#### [Problem requirements]
Retype the data below in full, keeping every character as it is.

#### [Task inputs]
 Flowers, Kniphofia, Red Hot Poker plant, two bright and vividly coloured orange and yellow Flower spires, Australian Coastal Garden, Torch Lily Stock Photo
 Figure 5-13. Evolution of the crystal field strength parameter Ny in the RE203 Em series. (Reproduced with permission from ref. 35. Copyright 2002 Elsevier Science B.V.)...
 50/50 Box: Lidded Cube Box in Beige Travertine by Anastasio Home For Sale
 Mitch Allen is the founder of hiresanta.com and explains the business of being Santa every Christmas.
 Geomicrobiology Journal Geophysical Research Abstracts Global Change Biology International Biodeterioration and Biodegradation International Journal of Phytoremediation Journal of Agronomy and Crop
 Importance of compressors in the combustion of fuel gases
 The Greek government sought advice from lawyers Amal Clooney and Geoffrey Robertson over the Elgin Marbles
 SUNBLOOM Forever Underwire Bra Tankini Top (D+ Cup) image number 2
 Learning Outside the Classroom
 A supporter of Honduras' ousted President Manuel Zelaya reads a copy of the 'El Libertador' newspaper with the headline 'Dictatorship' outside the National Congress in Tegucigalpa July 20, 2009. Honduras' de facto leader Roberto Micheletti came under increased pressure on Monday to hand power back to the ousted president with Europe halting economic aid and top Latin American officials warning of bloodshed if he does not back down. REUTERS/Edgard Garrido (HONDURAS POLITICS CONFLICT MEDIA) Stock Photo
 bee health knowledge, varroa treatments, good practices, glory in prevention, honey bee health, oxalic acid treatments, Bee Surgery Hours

#### [Output below]
 Flowers, Kniphofia, Red Hot Poker plant, two bright and vividly coloured orange and yellow Flower spires, Australian Coastal Garden, Torch Lily Stock Photo
 Figure 5-13. Evolution of the crystal field strength parameter Ny in the RE203 Em series. (Reproduced with permission from ref. 35. Copyright 2002 Elsevier Science B.V.)...
 50/50 Box: Lidded Cube Box in Beige Travertine by Anastasio Home For Sale
 Mitch Allen is the founder of hiresanta.com and explains the business of being Santa every Christmas.
 Geomicrobiology Journal Geophysical Research Abstracts Global Change Biology International Biodeterioration and Biodegradation International Journal of Phytoremediation Journal of Agronomy and Crop
 Importance of compressors in the combustion of fuel gases
 The Greek government sought advice from lawyers Amal Clooney and Geoffrey Robertson over the Elgin Marbles
 SUNBLOOM Forever Underwire Bra Tankini Top (D+ Cup) image number 2
 Learning Outside the Classroom
 A supporter of Honduras' ousted President Manuel Zelaya reads a copy of the 'El Libertador' newspaper with the headline 'Dictatorship' outside the National Congress in Tegucigalpa July 20, 2009. Honduras' de facto leader Roberto Micheletti came under increased pressure on Monday to hand power back to the ousted president with Europe halting economic aid and top Latin American officials warning of bloodshed if he does not back down. REUTERS/Edgard Garrido (HONDURAS POLITICS CONFLICT MEDIA) Stock Photo
 bee health knowledge, varroa treatments, good practices, glory in prevention, honey bee health, oxalic acid treatments, Bee Surgery Hours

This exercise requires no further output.